[BRON: www.penoactueel.nl/management/strategie/ethiek-morele-zwijgzaamheid-4543.html]
05-okt 2009
Door Ronald Jeurissen, hoogleraar bedrijfsethiek Nyenrode
Het recente rapport ‘En waar was de patiënt…?’, over het disfunctioneren van neuroloog Jansen van Medisch Spectrum Twente, biedt een ontluisterend beeld van wat er moreel mis kan gaan in een organisatie.
Jansen kon meer dan tien jaar lang doorgaan met medische wanpraktijken (medicijnverslaving, gebrekkige dossiervoering), zonder dat er effectief tegen werd opgetreden vanuit de organisatie. Velen in het ziekenhuis wisten van zijn feilen, of hadden ernstige vermoedens. Een enkele collega waarschuwde de Raad van Bestuur, maar er werd pas na vele jaren aarzelen eindelijk ingrepen. Het volgende citaat komt uit het rapport ‘En waar was de patiënt…?’

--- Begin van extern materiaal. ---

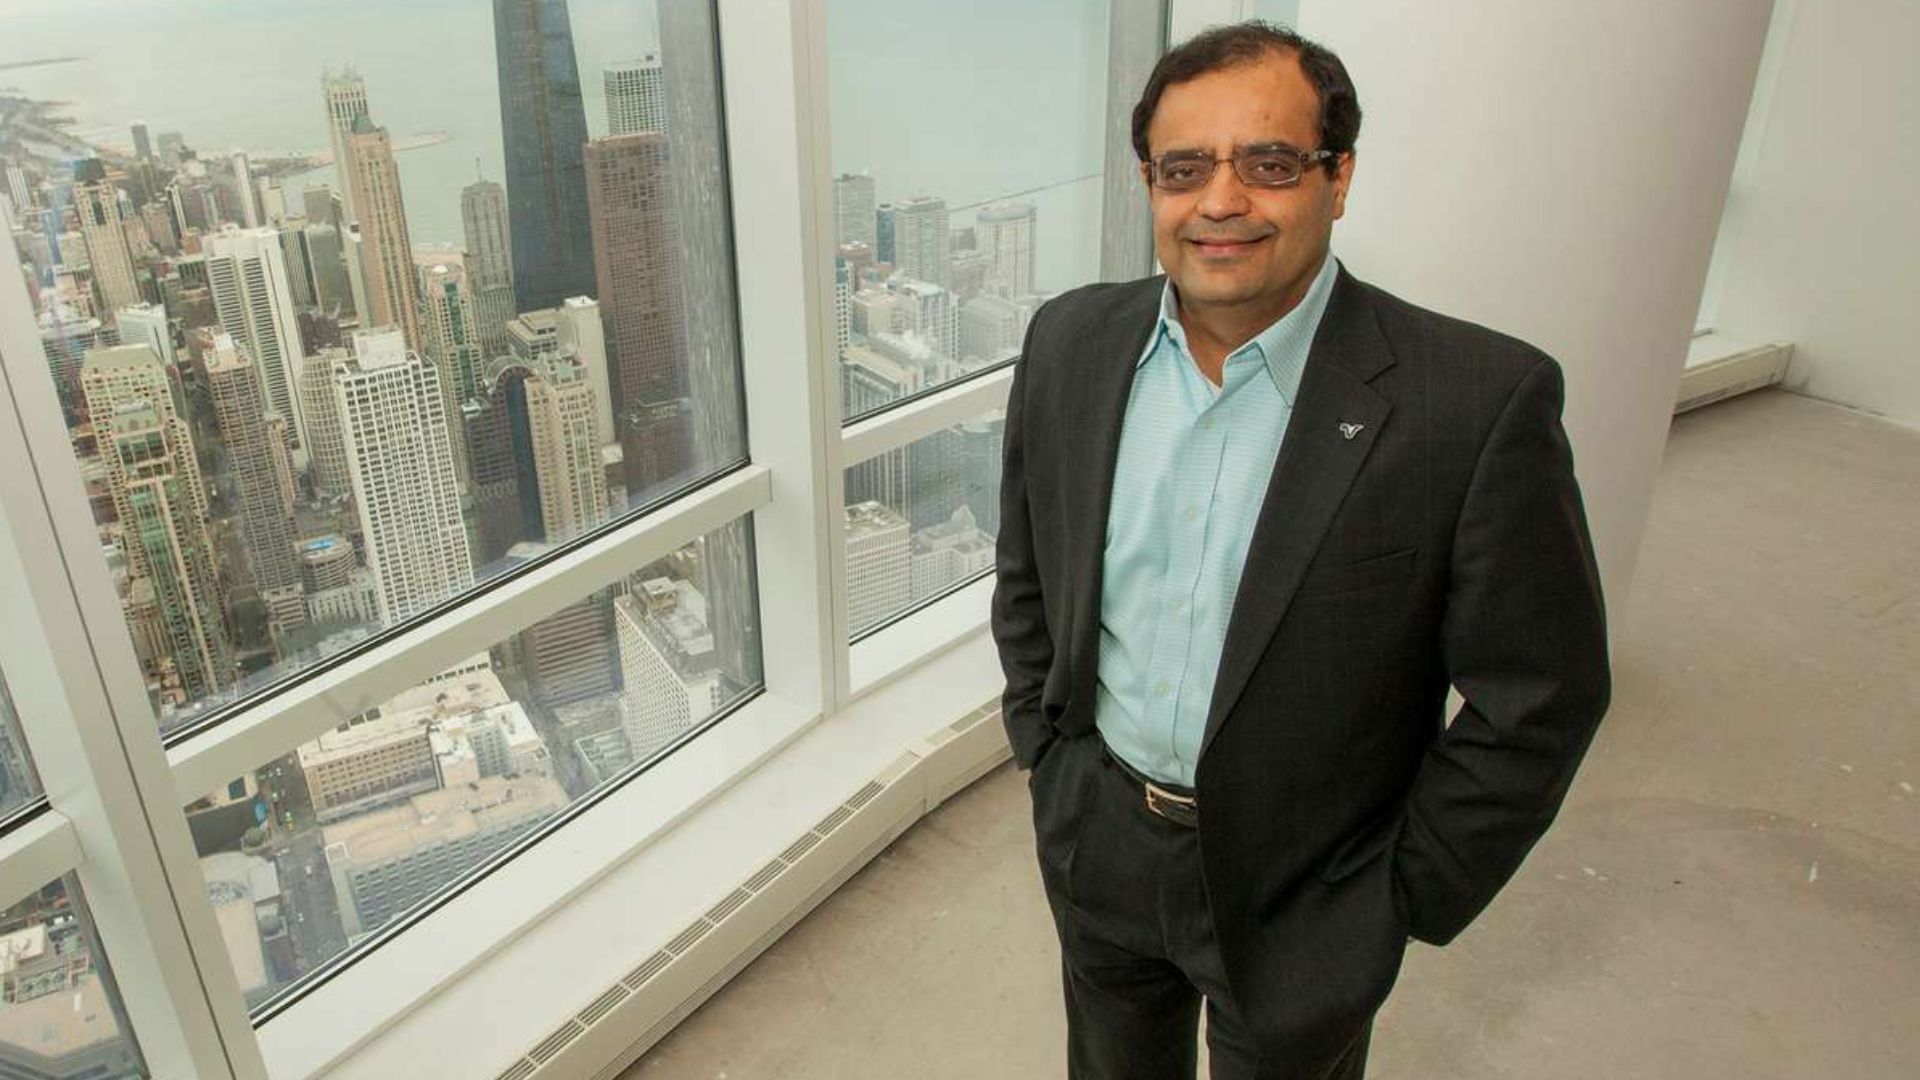 Vistex CEO Sanjay Shah dies at anniversary celebration after on-stage mishap

Er is in deze casus sprake van een disfunctionerende medisch specialist, die met zijn handelen schade heeft berokkend aan de patiënten die zich aan zijn zorg hebben toevertrouwd. Deze schade zou beduidend minder omvangrijk zijn geweest indien naaste betrokkenen hun verantwoordelijkheid voor de kwaliteit van zorg hadden genomen.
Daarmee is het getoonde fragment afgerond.